When the Society was formed, a number of women came out from Algonquin to organise, though Mrs. Johnnie Dunn did not see why in common sense they couldn't form a society themselves without a lot of women from town trolloping out to show them how to do something they all knew how to do already. Nevertheless the ladies from town came and they organised centres in Dalton and Greenwood and Orchard Glen and in other places all through the country.
The Orchard Glen Red Cross Society was to meet once a week in the basement of the Methodist Church, it being the largest available space in the village.
Mrs. Sutherland was made President and Mrs. Sinclair Treasurer; and young Mrs. Martin was Secretary, with Christina Lindsay to assist and take the minutes when the children were so bad that nobody could manage them. There was a large executive committee besides, but all these officials were quite irrelevant, for Mrs.
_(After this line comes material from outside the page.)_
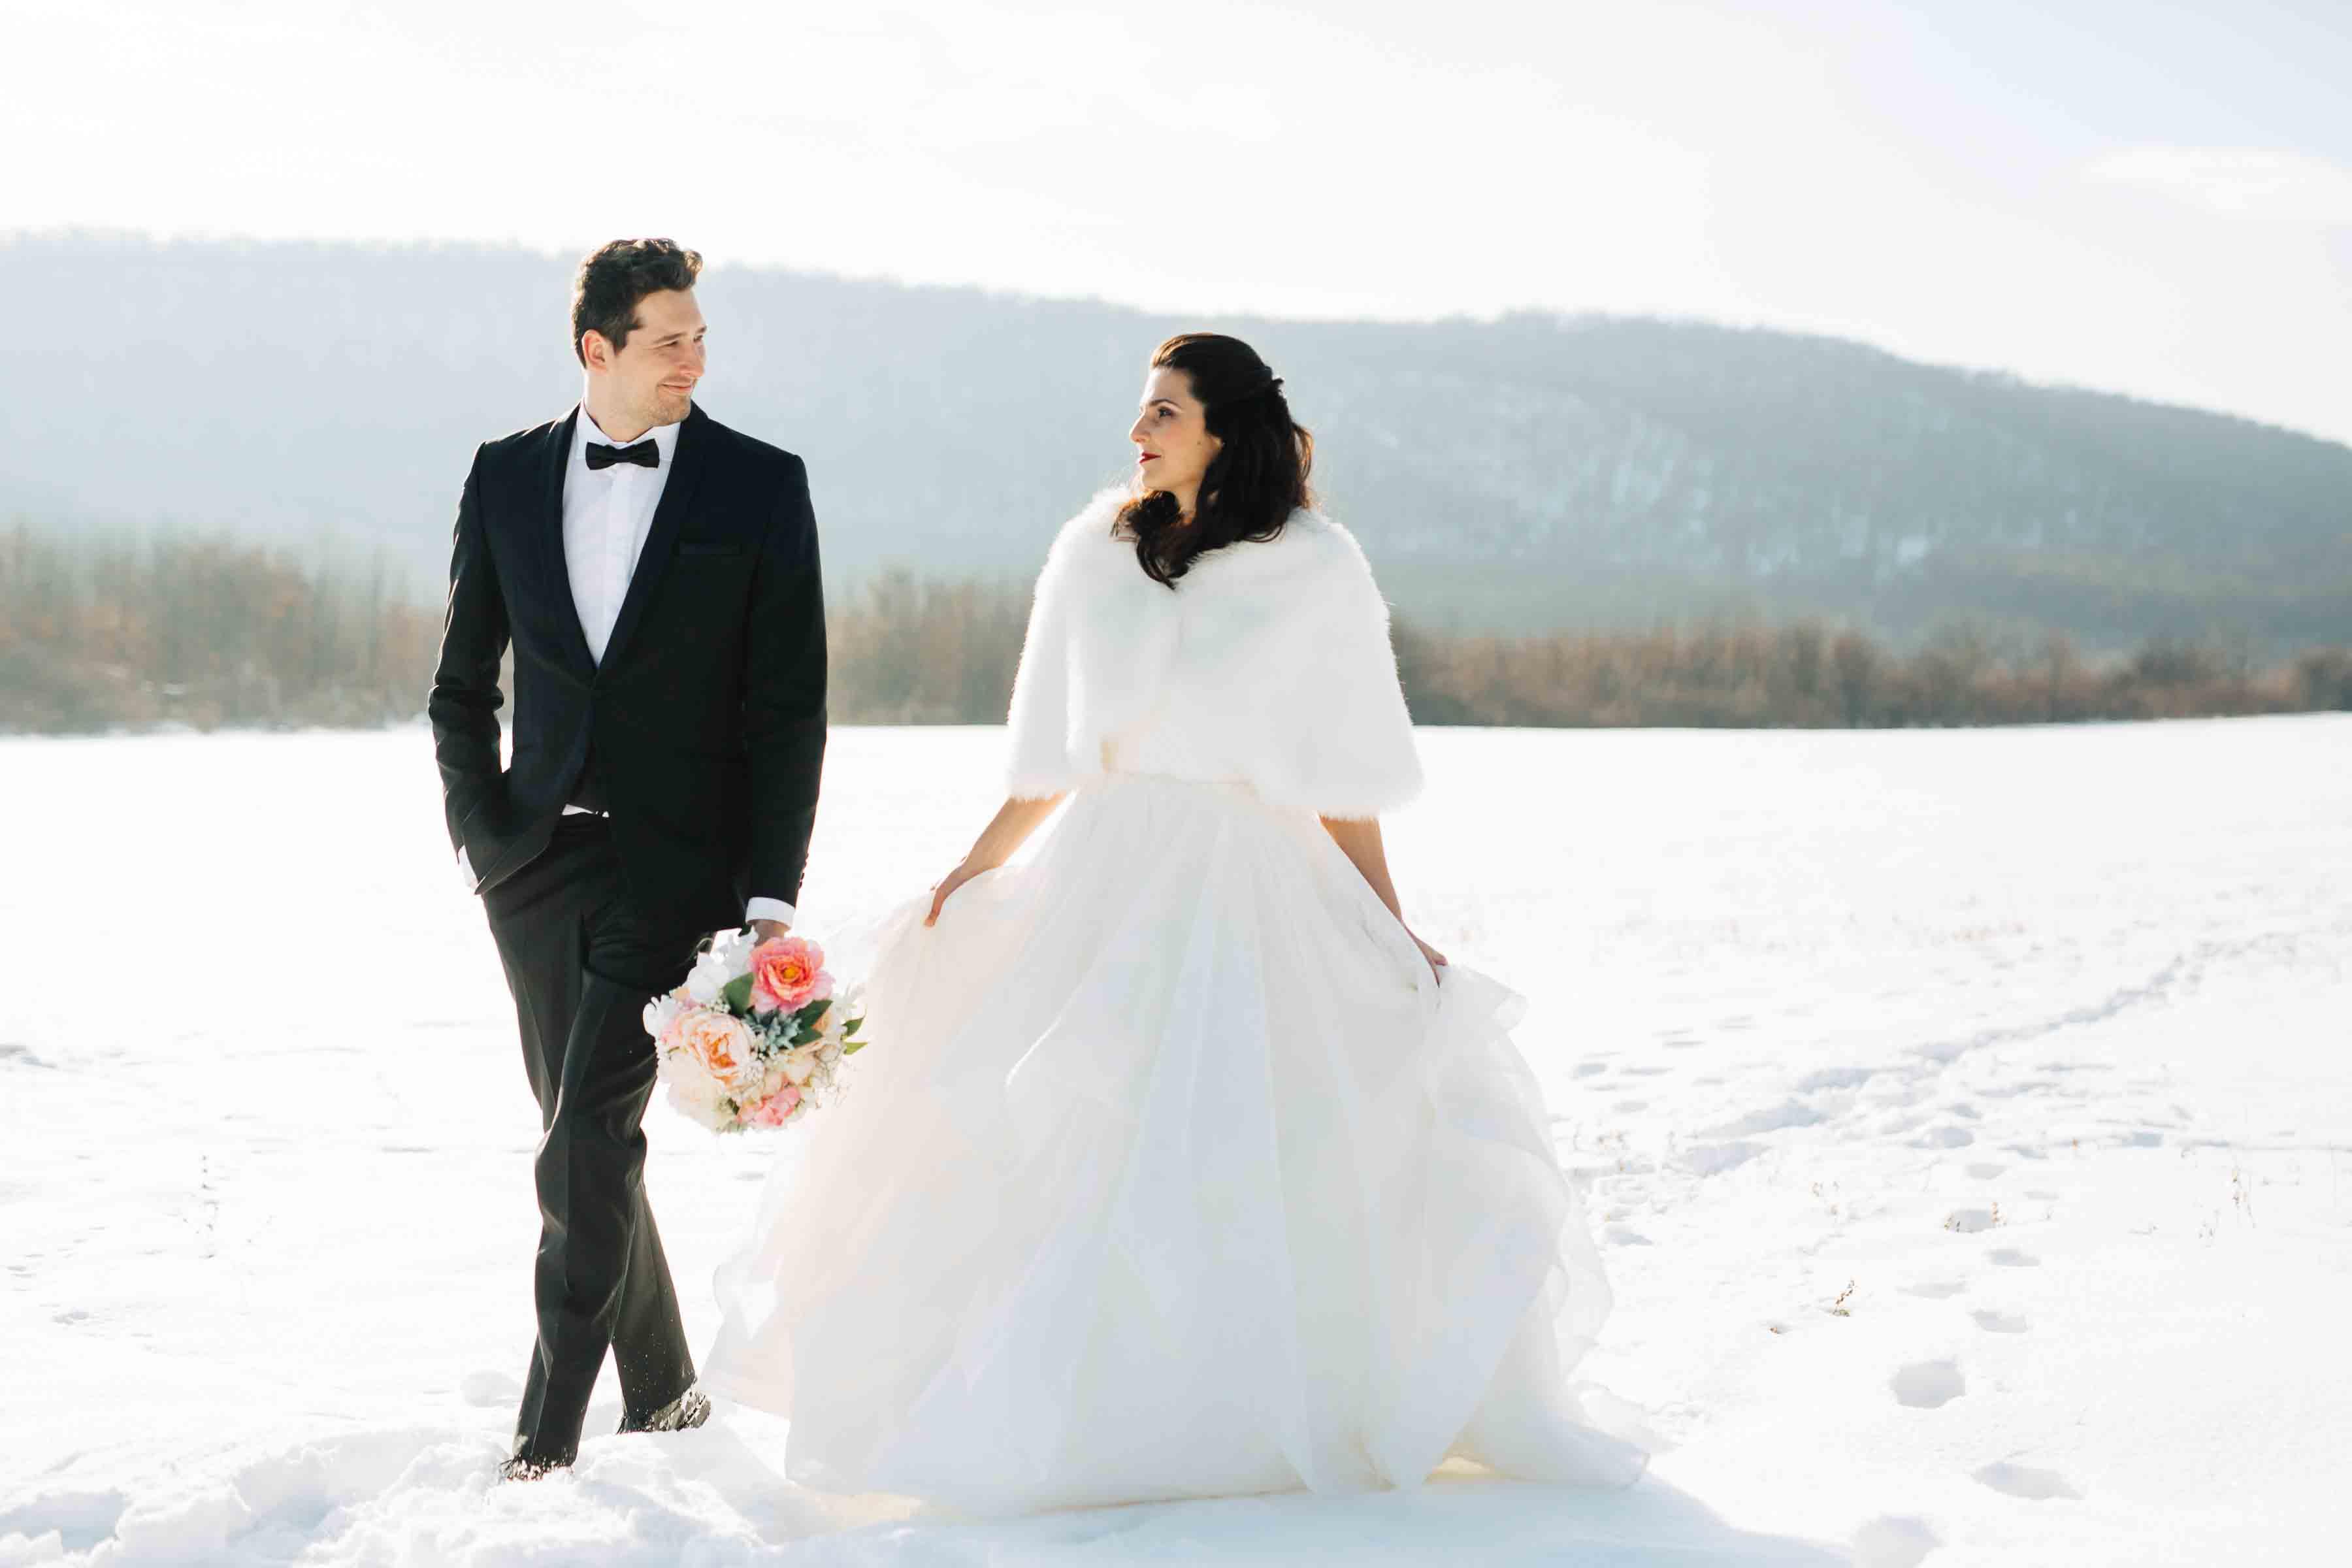 Ifjú pár sétál a hóban, Kép: sajtóanyag

Johnnie Dunn was the real head and body and limbs of the society, and looked after all its business.
Then The Woman brought out the materials for sewing and knitting from Algonquin, and returned the garments when she thought they ought to be finished, and woe betide the unlucky Red Cross worker who was behind a day with a shirt or a pair of socks! For she decreed just how much was to be done each week, and no Prussian Militarist ever ruled with so high a hand.
"Just add another roll o' towelling to that order," she would command the Algonquin woman who was handing out her month's work, "there's a lot o' lazy lumps out at our corner that's sittin' pickin' their fingers for want o' somethin' to do."
The Society followed The Woman and the President was left far in the rear. Indeed Orchard Glen was rather proud of Mrs. Johnnie Dunn. She was so clever and made such a name for them in Red Cross circles. The valentine episode was forgotten with other pre-war trivialities and she was reinstated in her old place of leadership.